ESMA Guidelines on Article 25 of Directive 2011/61/EU
On 26 July 2021, through the issuance of Circular C460, CySEC wishes to inform the AIFMs on the Guidelines issued by the European Securities and Markets Authority (ESMA) on Article 25 of Directive 2011/61/EU (Reference num. ESMA34-32-701 EN).
The Guidelines aim to establish efficient, consistent and effective supervisory practises within the European System of Financial Supervision and ensure the consistent application of Article 25 of the Directive. Additionally, the Guidelines specifically aim to identify and assess by which extend the use of leverage contributes to the build-up of systemic risk in the financial system and ensure the implementation of leverage related measures by the National Competent Authorities (NCA’s).
CySEC has adopted the aforementioned Guidelines and urges all the AIFMs with the obligation to report under Section 31 of the Law, to do so within the set deadlines.
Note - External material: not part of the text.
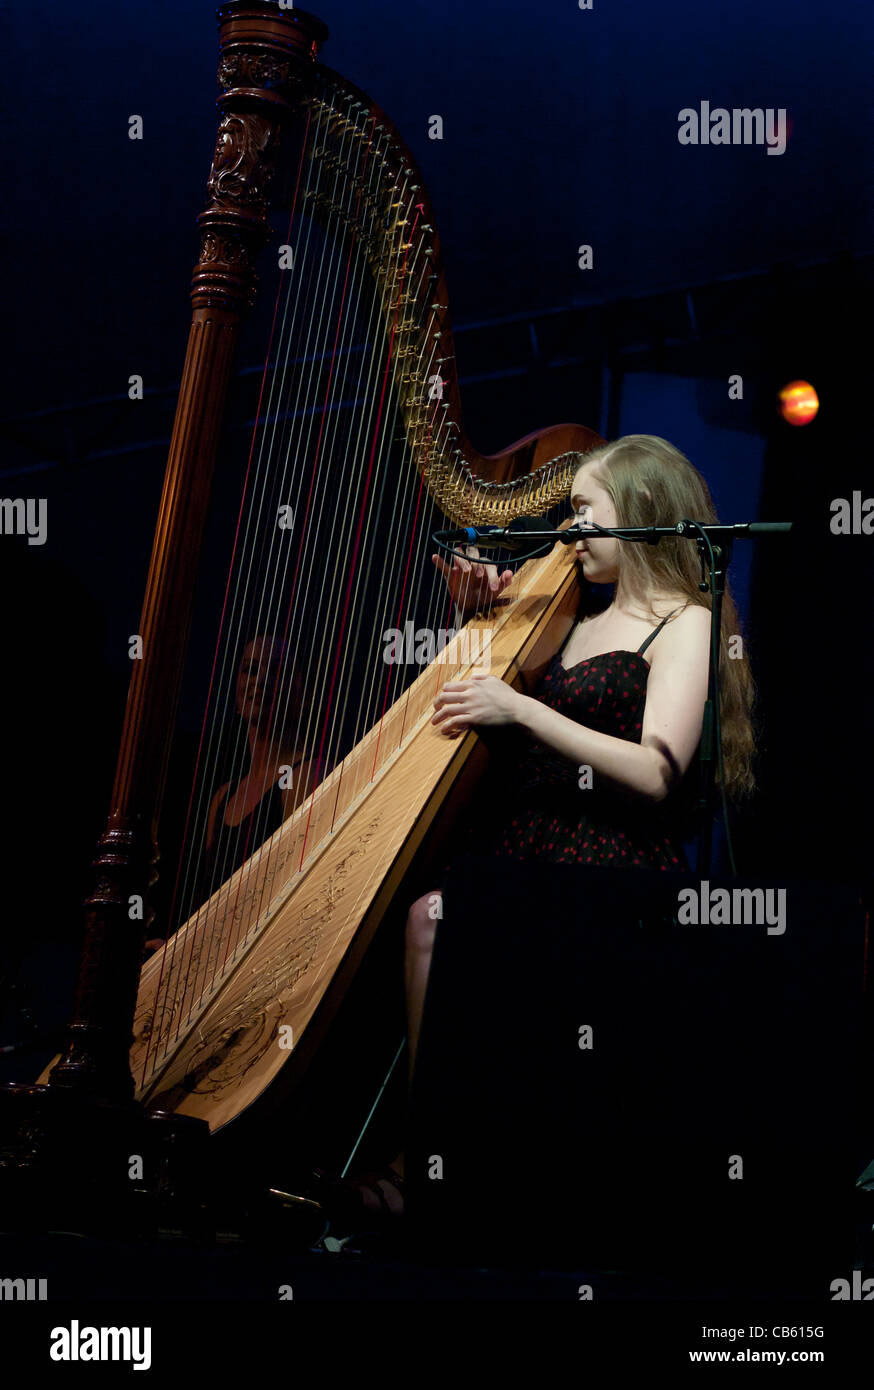 Joanna Newsom effectuant de la harpe au festival de musique 2011 womadelaide Adelaide Australie Banque D'Images

The Guidelines apply from 23 August 2021.
Reporting obligations (‘the AIFMD Reporting obligation’) under articles 4(3)(d) and 31(1), (2) and (4) of the Alternative Investment Fund Managers Law (the ‘AIFM Law’) as further specified with articles 5(3) and 110 of the Commission Delegated Regulation (EU) No 231/2013 with regard to exemptions, general operating conditions, depositaries, leverage, transparency and supervision (‘the Regulation’)
On July 28 2021, through the issuance of Circular C459, CySEC informed AIFMs regarding the AIFMD Reporting obligation, following Circular C404.
AIFMs are required to regularly review policies and procedures in order to ensure compliance under the AIFM Law and Regulation at all times. Specifically, the obligations of AIFMs include the following:
- Valid AIFMD reports to be submitted on time;
- Information provided to be accurate;
- Consistency of information reported within the AIFMD reports and/or between the AIFMD reports submitted by an AIFM;
- Completeness of information;
- Non duplication of reporting.
Additionally, AIFMs are strongly recommended by CySEC to review the relevant regulatory framework, the ESMA Guidelines on reporting obligations under Articles 3(3)(d) and 24(1), (2) and (4) of the AIFMD (the ‘ESMA Guidelines’) and ESMA Questions and Answers on the application of the AIFMD (the ‘ESMA Q&As’).
Announcement regarding the Express Trusts and Similar Legal Arrangements’ Register
On 29 July 2021, CySEC through an announcement informed the general public that it is in the process of enabling the registration of Express Trusts in a new Register through an electronic system pursuant to section 61C of the Prevention and Suppression of Money Laundering and Terrorist Financing Law (L. 188(I)/2007) (‘the Law’).
At a later stage, CySEC will announce the relevant procedure that should be followed for this purpose and clarifies that the current procedure of trusts’ registration in the Trusts’ Registries as per section 25A of the Law Regulating Companies Providing Administrative Services and Related Matters (L.196(Ι)/2012) is still in effect.